The Kula Volcanic Geo-park in the western Manisa province is Turkey's first geo-parkwith UNESCO recognition. Boasting geological and archeologicalmarvels, the park is a haven for researchers and travelers to delve into prehistoric times and natural richness
The Kula Volcanic Geo-park, Turkey's first and a UNESCO-recognized park is becoming a worldwide attraction among tourists around the world.
With more than 80 volcanic cones, fairy chimneys, carstic caves, canyons, rock tombs, rock bridges and historical houses, the town of Kula in Turkey's western Manisa province has various geological, geomorphic and natural heritage. In 2013, the Kula Volcanic Geo-park won the right to be among the world's most prestigious geo-parks at the 12th International European Geo-park Conference held in Italy.
Specializing in ancient geography, Strabon's work titled, "Geographika" defines the area where the geo-park is situated as "Katakekaumene" (Burnt Lands). The park's area spans across approximately 300 kilometers and has been a major point of interest among both travelers and researchers from across Europe thanks to its natural, geological, cultural and archeological richness.
Kula's pristine landscape, formed by centuries of volcanic activity, is home to the first lava tunnel in Turkey. There are footprints believed to belong to ancient civilizations here as well; namely those of an adult, a child and a dog, shedding light on history and the first documented evidence of dogs being domesticated by humans. These volcanic lands are known to have been very fertile; thus explaining why they were occupied by humans in the centuries both before and after Christ.
The latest volcanic eruptions recorded at the site occurred about 12,000 years ago and some layers of volcanic ash here display fossilized footprints of prehistoric humans. The Kula basalts are the only example of rapid uplifting of asthenospheric material in western Anatolia formed by the rapid southwestward movement of the Aegean tectonic plate spanning into Africa," UNESCO says about the area. According to the scientific studies, the volcanic cones which dominate the landscape date back to the Quaternary age.
The Sandal Divlit in Kula, a 100-meter-high volcanic mountain featuring numerous geological and geomorphic formations is one of the youngest volcanoes in Turkey.

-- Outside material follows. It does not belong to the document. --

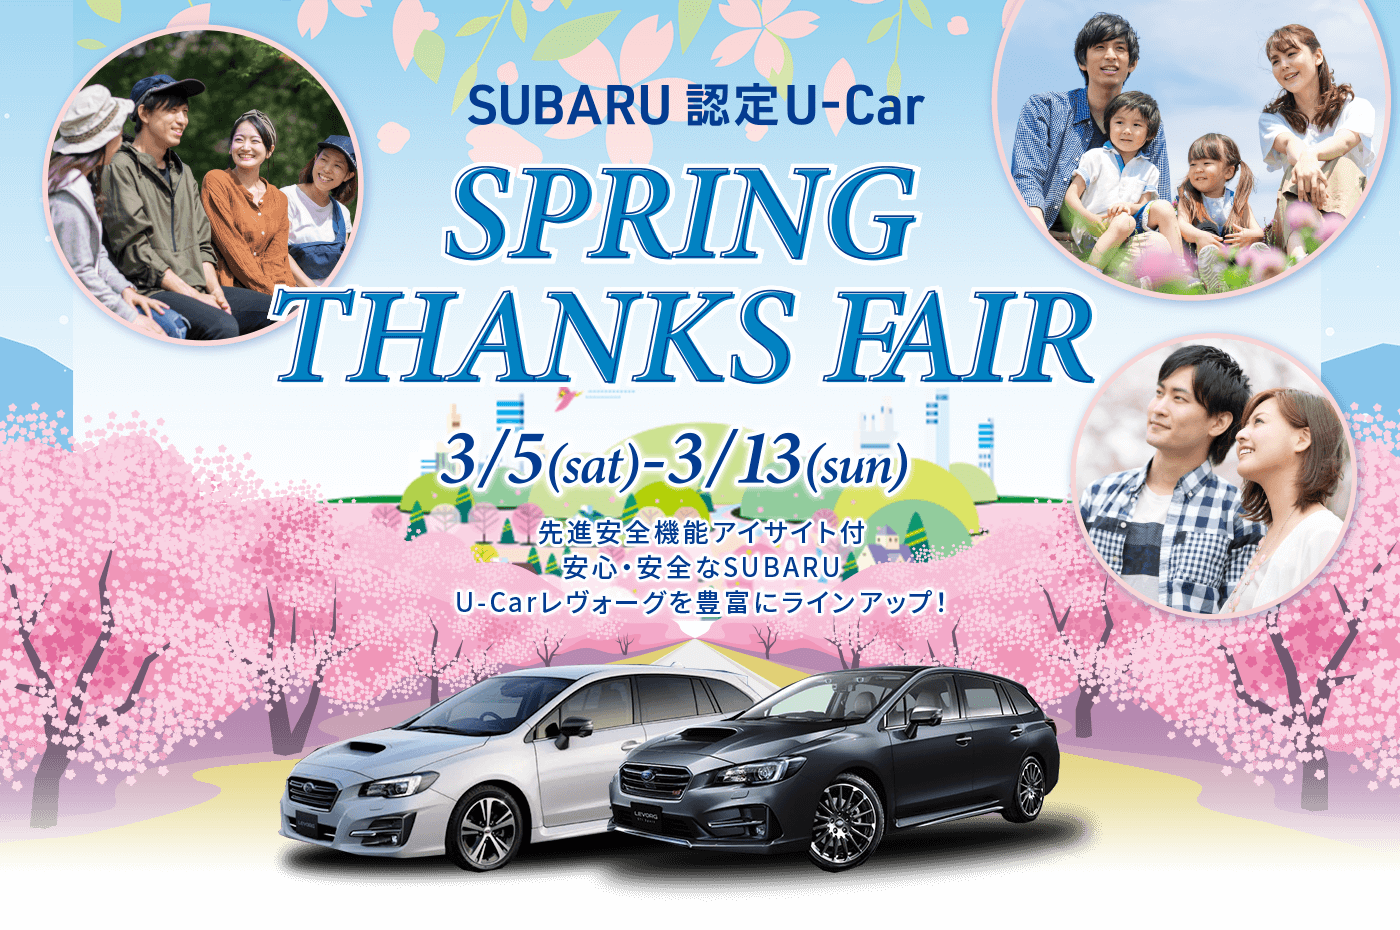 SUBARU 認定U-Car SPRING THANKS FAIR 3/5(sat)-3/13(sun) 先進安全機能アイサイト付 安心・安全なSUBARU U-Carレヴォーグを豊富にラインアップ！

The crater formed by the eruption of the Kula volcano 15,000 years ago is breathtaking for its volcanic rocks and natural life.
Erdal Gümüş, the coordinator of Kula Volcanic Geo-park, said in a previous statement that as Sandal Divlit is easy to access, it draws attention of various researchers and in this area various geological formations belonging to giant volcanoes can be observed.
Research teams that want to visit Sandal Divlit, which is one of the 80 volcanic cones in the area and resembling a miniature volcano with its physical structure, can observe the volcanic rocks, caves, lava flows and natural life around it formed by the eruption that happened 15,000 years ago.
The crater is full of volcanic rocks and over time, some parts of Sandal Divlit have been afforested and besides its natural beauties, other volcanoes and lava flows can be seen on the volcano cone. Gümüş also said that once hiking trails are built in the region, it will draw even more attention from tourists.
He also said that the Kula Volcanic Geo-park is one of the most important of its kind, adding that a brief 30-minute walk will take you to the peak of Sandal Divlit where visitors can see a miniature volcano, lava flows and volcanic formations, saying: "It is possible to climb down to the crater with a guide to view the signs of eruption and observe the giant volcano rocks on the ground. How many people get the chance to watch the sunset on a volcanic cone?" He added that it is possible to take great photos at any time of the day here.
Gümüş said that the Kula Municipality and the Zafer Development Agency (ZEKA) have been preparing various projects and Kula Geo-park and Sandal Divlit are one of the places to be visited in Turkey. Dating back to the Ottoman times, the Kula town has long been an important center for the production of, and trade in, a wide range of goods including carpets, leather and metal products.
Geo-parks generally have a sustainable management that includes esthetics of local and international importance as well as geologic formations and local development plans which are made within the limitations of government-protected natural areas.
Geo-parks, which were deemed a new preservation form in 2000, have also been accepted and protected by UNESCO since 2004. As of 2015, there are 64 geo-parks in Europe and 111 worldwide. Geoparks have three aims; namely, education, preservation and to promote geo-tourism.